"Body" is a song by Canadian duo Loud Luxury featuring American singer Brando, released as a single on October 27, 2017, through Armada Music and All Around the World Productions. It was the duo's breakthrough hit and reached the top five in Canada, Denmark, Ireland and the UK, as well as the top 10 in Australia, Austria, Germany and New Zealand.

At the Juno Awards of 2019, the song won the Juno Award for Dance Recording of the Year, and was a shortlisted nominee for Single of the Year.

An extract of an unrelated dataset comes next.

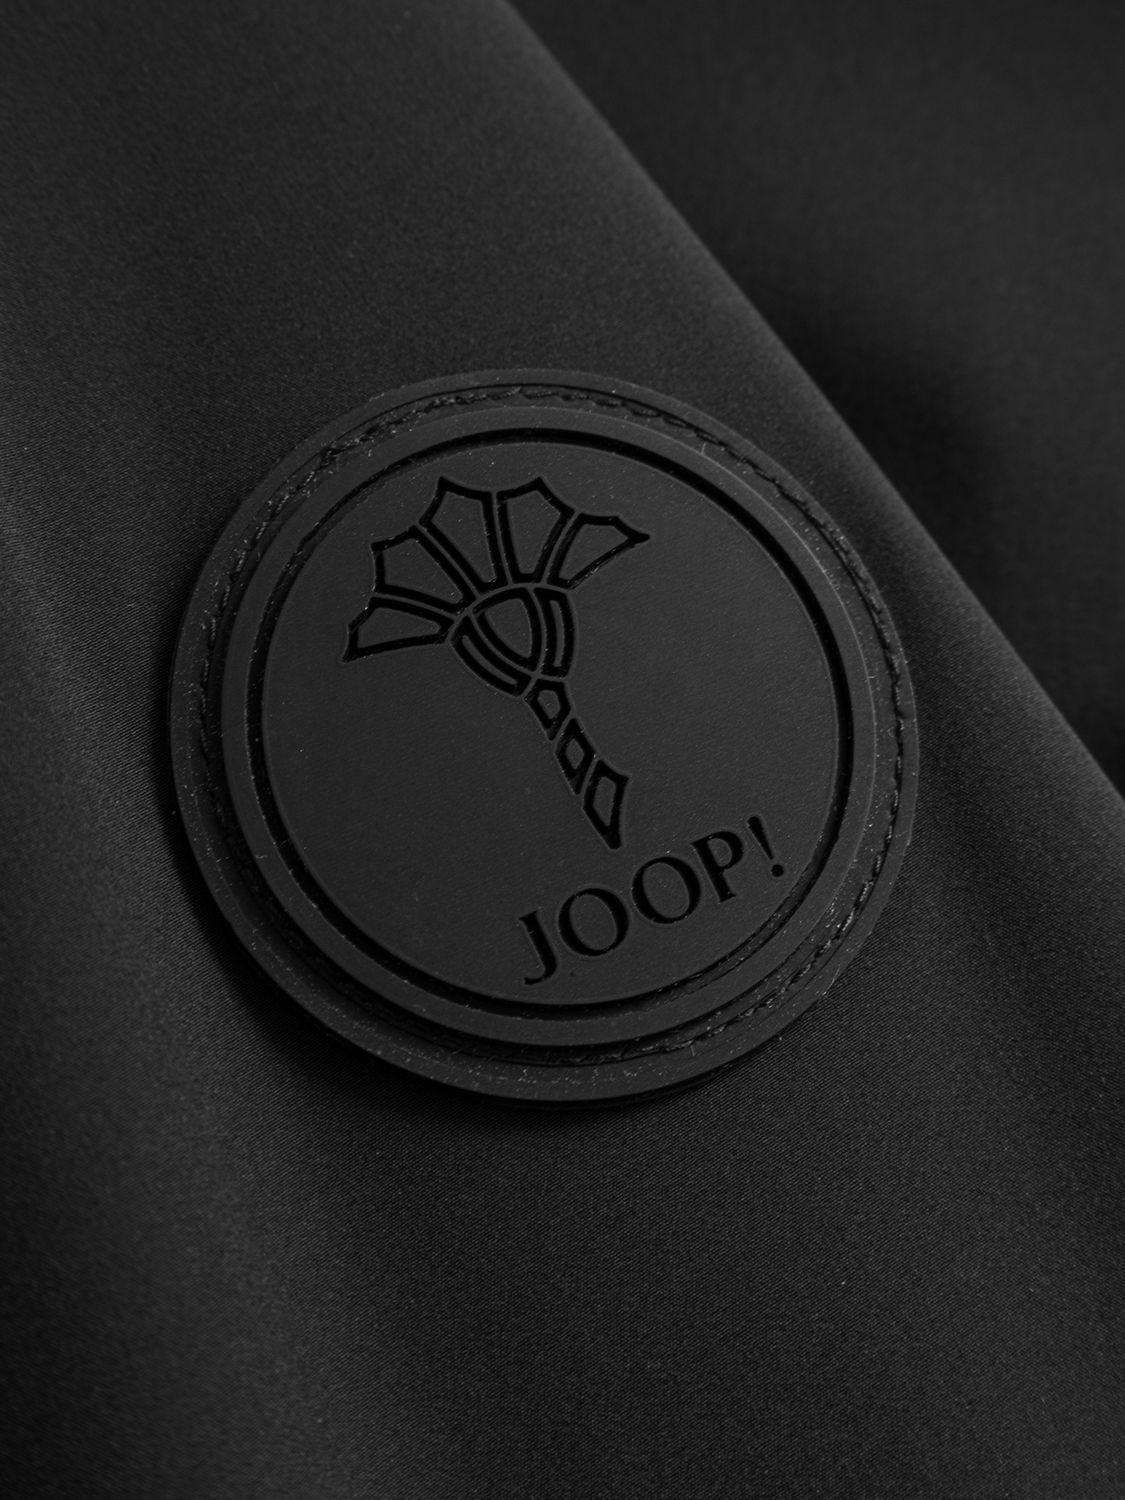 JOOP! Boros Puffer Jacket, Black, 38R

Background and composition
While attending a different act's showcase in Hollywood, Loud Luxury noticed Brando, who was part of the opening band. They emailed him and his manager, and eventually were presented with a hip hop demo Brando had been working on called "Body On My", which they called "silly" with a "DJ Mustard, strip-club anthem vibe". They still enjoyed Brando's vocals, so reworked the track, speeding it up and layering "emotional chords" underneath the vocal track. References in the lyrics to riding and dining in "the six" refer to a nickname for Toronto.

Performances
On March 17, 2019, Loud Luxury performed this song along with the Western University Marching Band as part of the Juno Awards opening.

Charts

Weekly charts

Year-end charts

Certifications

References

2017 singles
2017 songs
Loud Luxury songs
Brando (singer) songs
Juno Award for Dance Recording of the Year recordings
Songs about Canada
Songs written by Brando (singer)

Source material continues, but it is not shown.